O texto (PL 4.613/2016, na Casa de origem) altera a redação dos artigos 13 e 14 do Decreto-lei 236/1967, como forma de incluir as rádios no sistema de radiodifusão educativa. A proposta mantém a natureza não comercial dos veículos de radiodifusão educativa, mas permite a divulgação de apoiadores culturais nos programas transmitidos. O rol de entes habilitados à prestação do serviço de radiodifusão educativa também é ampliado de modo a contemplar não apenas as universidades, mas as instituições de ensino superior públicas e privadas, bem como suas mantenedoras, inclusive na forma de associações.

Os veículos de radiodifusão educativa também poderão divulgar os apoiadores culturais nos programas transmitidos, a exemplo do que acontece em diversos canais públicos de televisão, tais como a TV Cultura e a TV Brasil, sem que tal prática se confunda com a comercialização de espaço publicitário.

Relator do projeto, o senador Paulo Rocha (PT-PA) observa que as rádios educativas já integram a realidade brasileira, prestando relevantes serviços ao desenvolvimento da sociedade, com a promoção de atividades culturais e educacionais.

Ele afirma que a Lei Rouanet (Lei 8.313/1991 incluiu expressamente como área cultural passível de receber incentivos a rádio e televisão educativas e culturais, de caráter não comercial. Por sua vez, a Lei 9.637/1998permite que tais entidades absorvam atividades de rádio e televisão educativa e veiculem publicidade institucional de entidades de direito público ou privado, a título de apoio cultural, admitindo o patrocínio de programas, eventos e projetos.

Jogos eletrônicos

A CCT também aprovou o PLS 383/2017, do senador Roberto Rocha (PSDB-MA), que regulamenta os esportes eletrônicos no Brasil, os chamados e-sports (atividades competitivas que envolvem jogos de videogame, computador e gadgets).

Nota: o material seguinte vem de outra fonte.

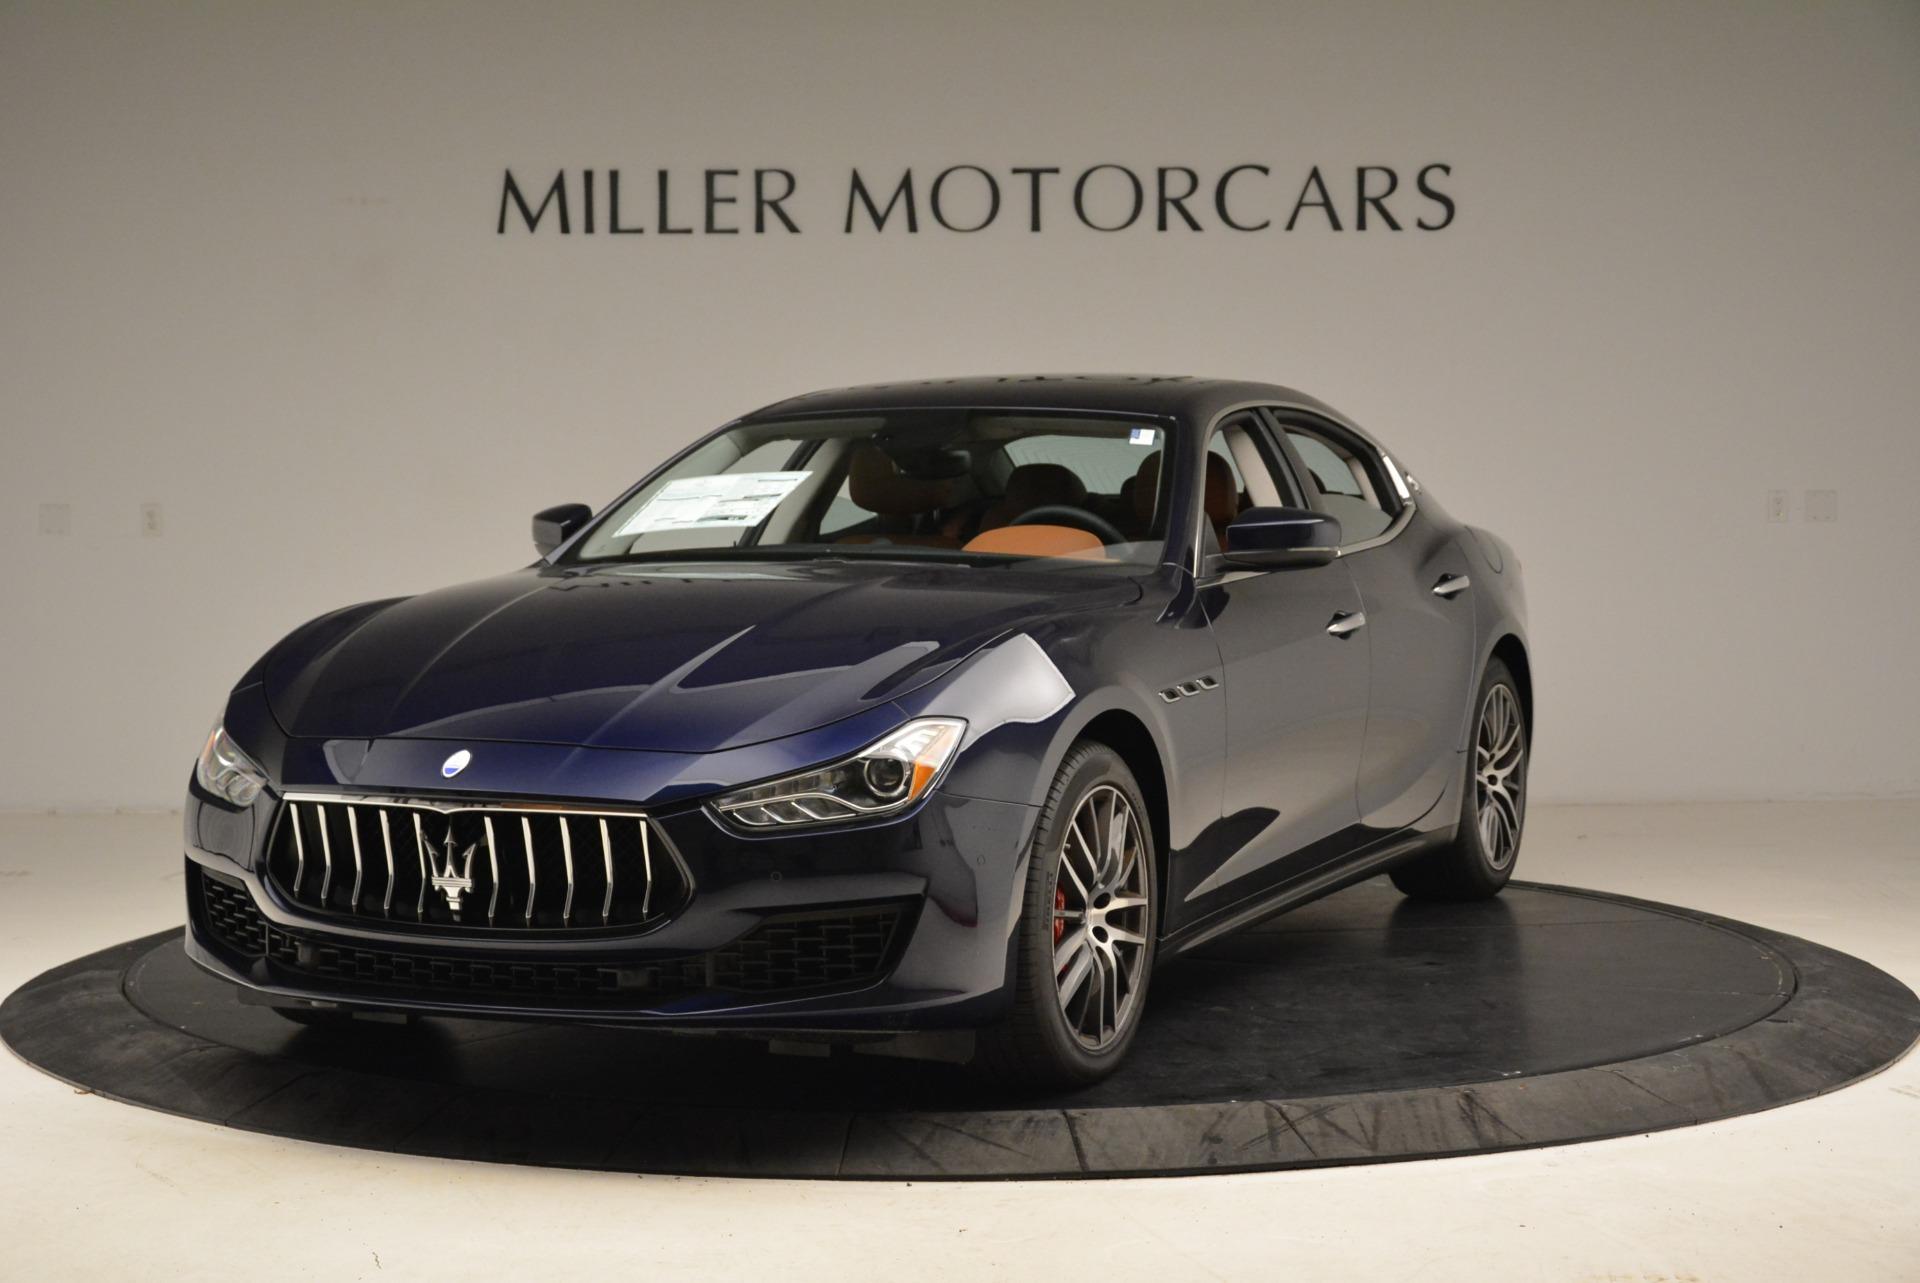 New 2020 Maserati Ghibli S Q4 for sale $87,835 at Rolls-Royce Motor Cars Greenwich in Greenwich CT 06830 1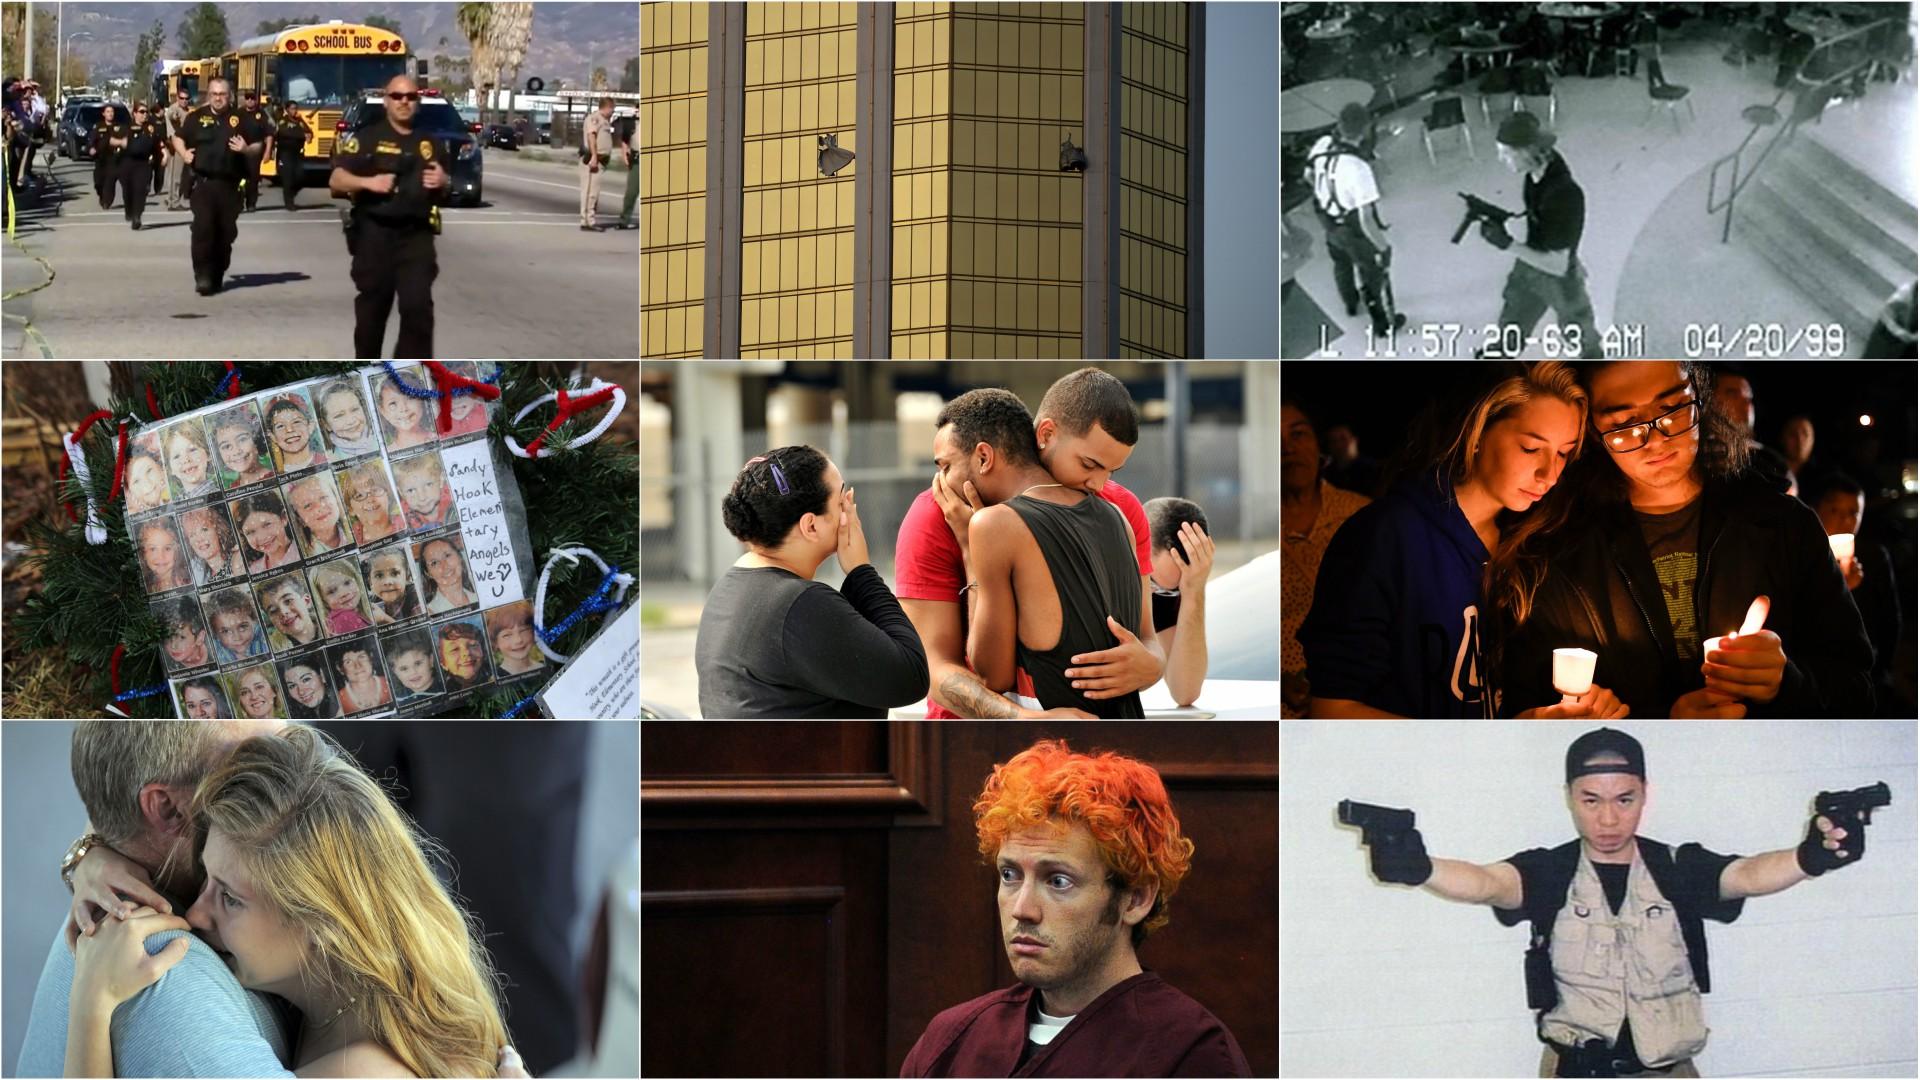 El Estado debe tomar medidas ante tiroteos masivos en E.E.U.U

O projeto, a ser analisado em decisão terminativa pela Comissão de Educação, Cultura e Esporte (CE), garante a liberdade da prática dos e-sports, estabelecendo como objetivos da modalidade o estímulo à boa convivência, ao fair play, à construção de identidades, o combate aos discursos de ódio que podem ser passados “subliminarmente” pelos jogos e o desenvolvimento de habilidades nos praticantes.

Radiodifusão comunitária

O colegiado também aprovou o PLS 513/2017, do senador Hélio José (Pros-DF), que altera o limite de potência de transmissão e a quantidade de canais designados para a execução de radiodifusão comunitária. A proposta inclui na modalidade canais com potência de até 300 watts ERP, e aumenta para três os canais designados a esse serviço.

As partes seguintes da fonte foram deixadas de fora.